Approximate Projection

The thing that makes the objective above hard is that \(h_{i}\) doesn’t have nice convex properties. To fix this, we perform a local linearizion of \(h_{i}\).

Specifically, let’s replace \(h_{i}\) with its local Taylor expansion.

For some step where we started at \(\theta_{k}\), if you wanted to evaluate some next step \(\theta_{k+1}\) from that step, we can write:

\begin{equation} h_{i}(\theta_{k+1}) \approx h_{i}(\theta_{k}) + (\nabla_{\theta}(\theta_{0}))(\theta_{k+1}-\theta_{k}) \end{equation}

Using this linear decomposition of three parts (i.e. parameter difference from original, the gradient of \(h\) against the parameter, and the original value of \(h\)), we can now split the \(h_{i}(\theta)\) constraint of the non-linear program into a linear decomposition.

Let’s define:

\begin{equation} \nabla_{\theta} \bold{h}(\theta) = \mqty[ (\nabla_{\theta} h_{1}(\theta))^{\top} \\ \dots \\ (\nabla_{\theta} h_{m}(\theta))^{\top}] \end{equation}

From which we write block matriix

\begin{equation} \bold{A} = \mqty[-\bold{I}_{n} \\ \nabla_{\theta}\bold{h}(\theta_{k})] \end{equation}

where \(\bold{I}_{n} \in \mathbb{R}^{(|A| + |X|) \times (|A| + |X|)}\), and vector:

\begin{equation} \bold{b} = \mqty[\bold{0}_{n} \\ \epsilon - \bold{h}(\theta_{k}) + \nabla\bold{h}(\theta_{k})\theta_{k}] \end{equation}

These definitions allow us to rewrite two of our objectives:

\begin{equation} \begin{cases} \theta \geq 0 \\ h_{i}(\theta) \leq \epsilon_{i},\ \forall i \end{cases} \end{equation}

turning them instead into simply \(\bold{A}\theta \leq \bold{b}\).
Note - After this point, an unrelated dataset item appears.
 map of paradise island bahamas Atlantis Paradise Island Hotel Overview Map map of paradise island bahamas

The top half of \(\bold{A}\), \(\bold{B}\) is responsible for making sure that all elements of \(\theta\) is positive (specifically, to ensure the negative of the values is smaller than 0); the bottom half ensures that all of them satisfy the cost.
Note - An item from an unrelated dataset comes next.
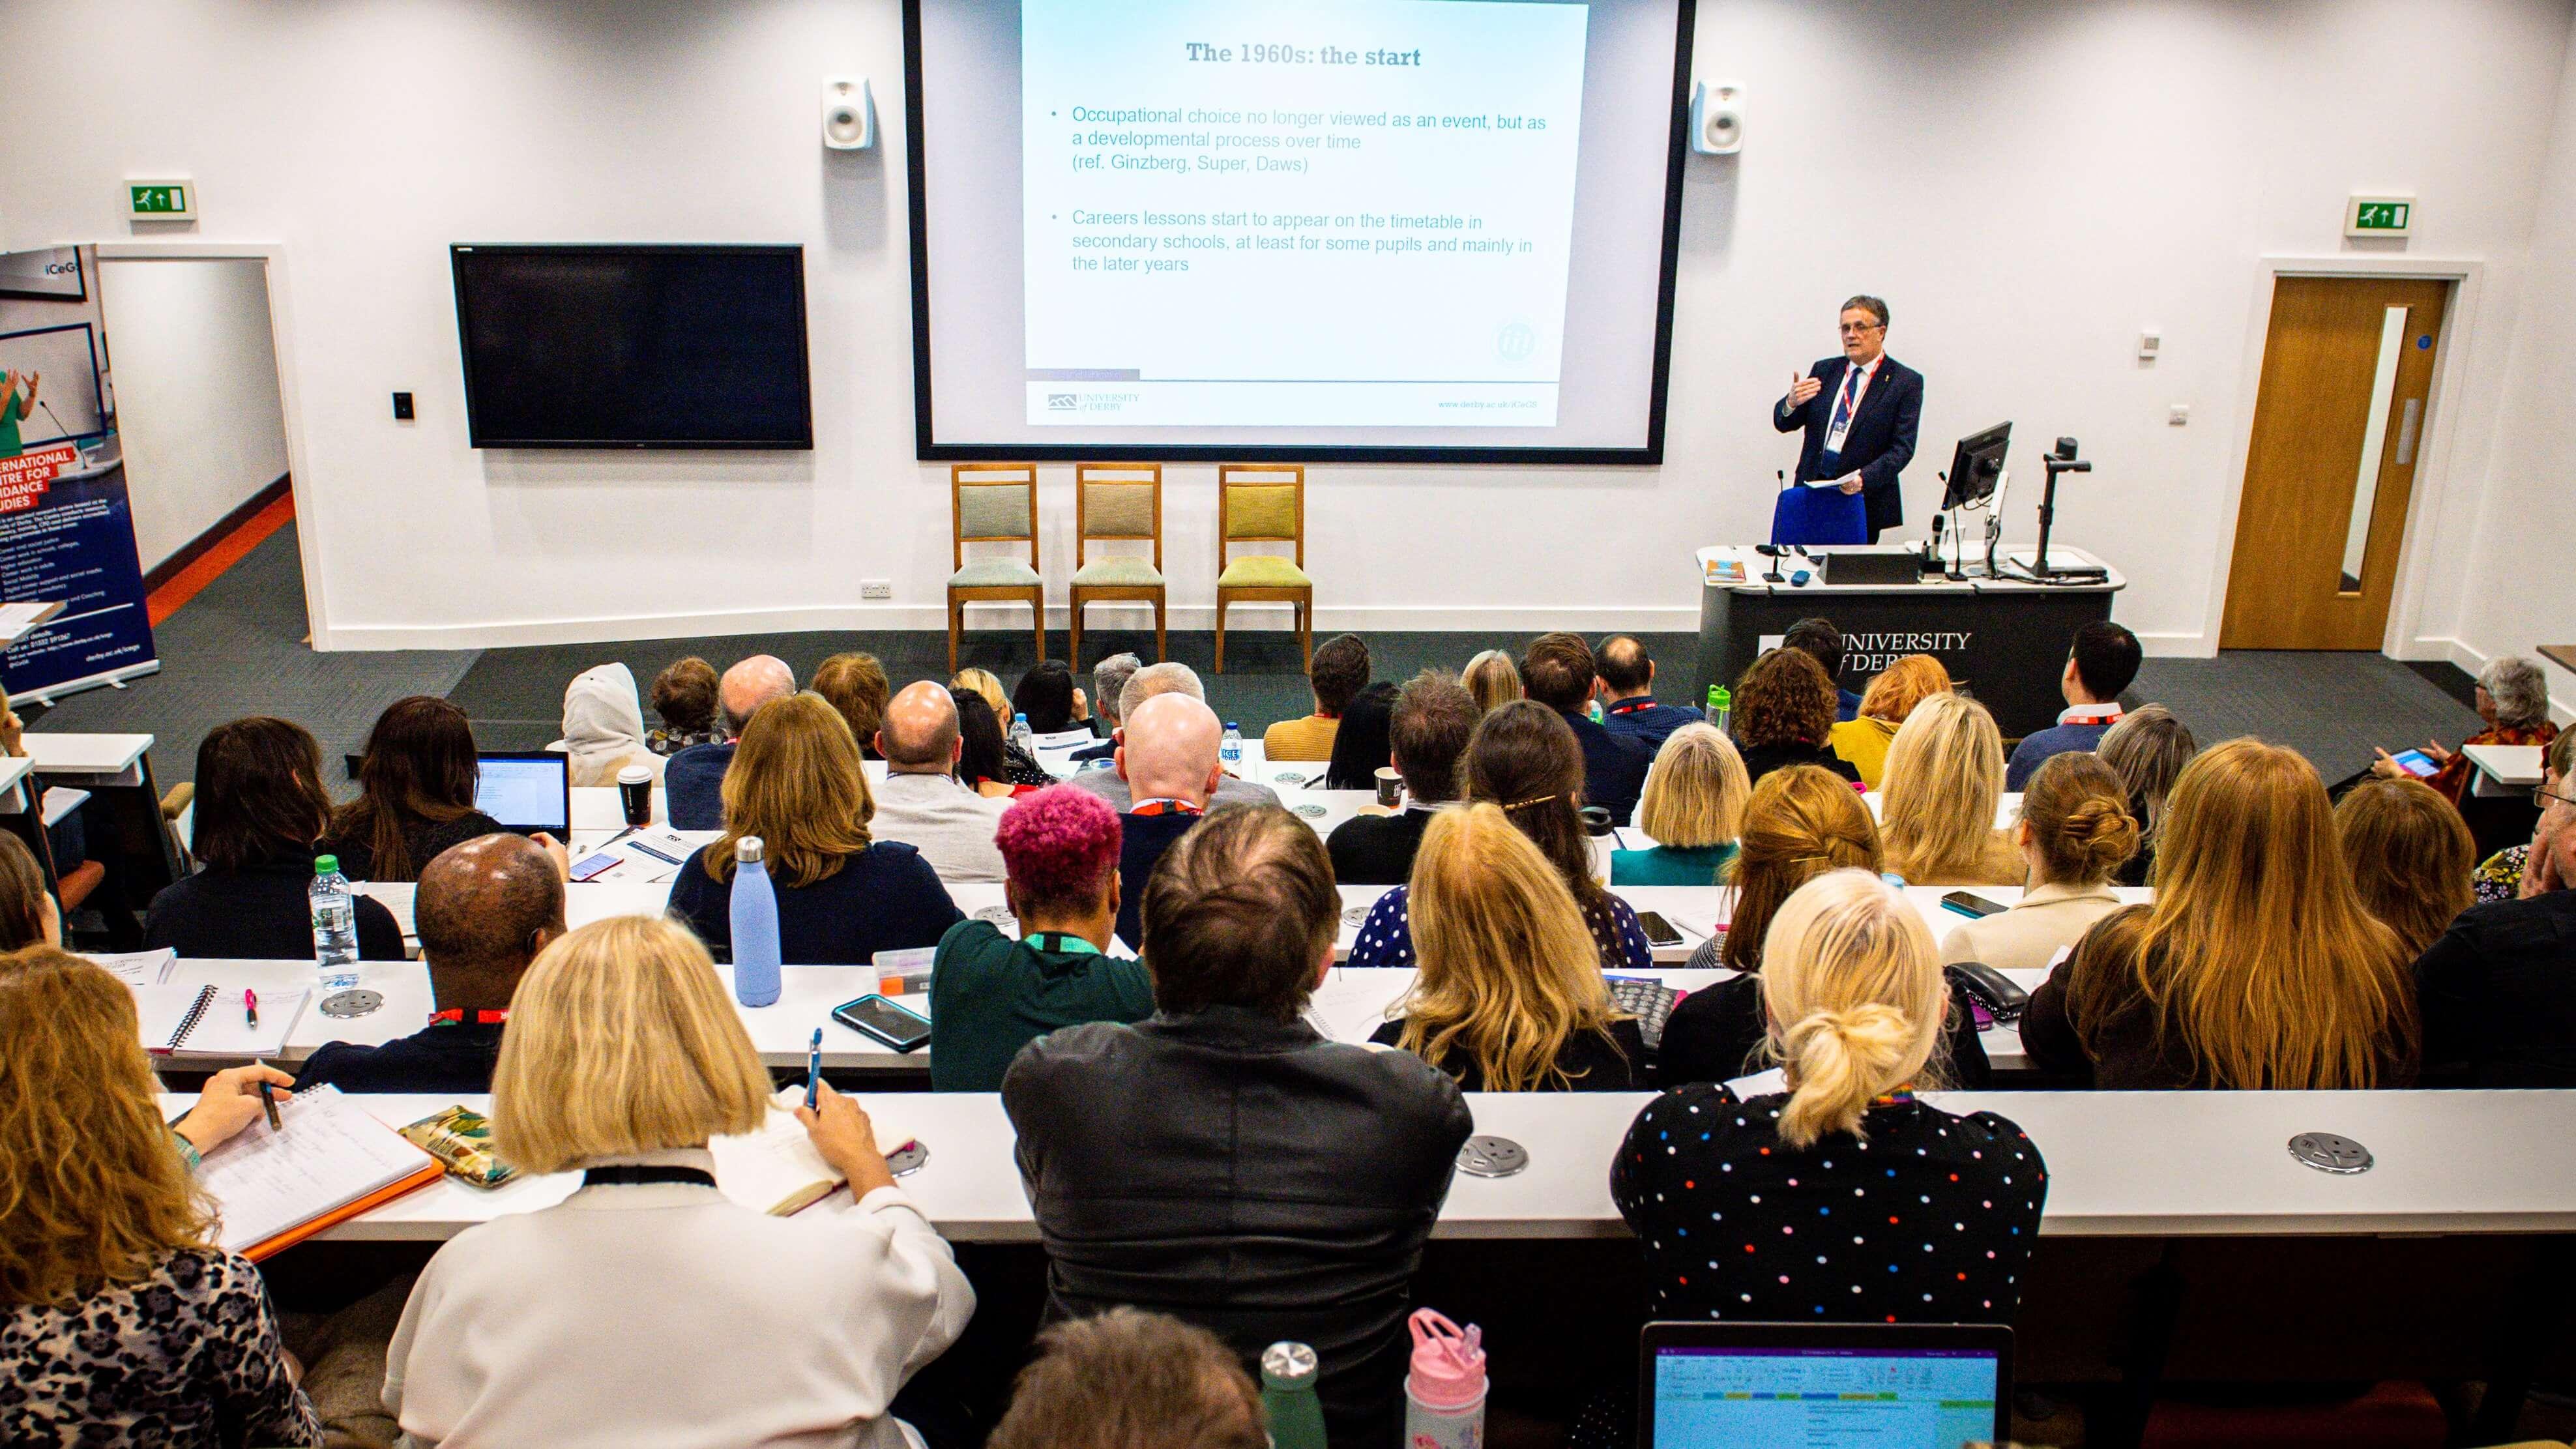 David Andrews Presenting at Annual Lecture 2019

These definitions result in a linear formulation of two objectives of our original non-linear program:

\begin{align} \min_{\theta}\ & \frac{1}{2} \| \xi - \theta \|^{2}_{2} \\ \text{such that}\ &J\theta = 1 \\ & \bold{A}\theta \leq \bold{B} \end{align}

and we are done.

Quick Tip

Recall that we have to calculate the inverse of \(\bold{Z}\) quite a lot throughout the computation of \(h\) and \(f\). For each policy parameter \(\theta\), you can cache the value of \(\bold{Z}\), L-U (upper-triangular/lower-triangular factored) and recombine them/invert them as needed to speed up computation. This ensures that you only calculate \(\bold{Z}\) once per step.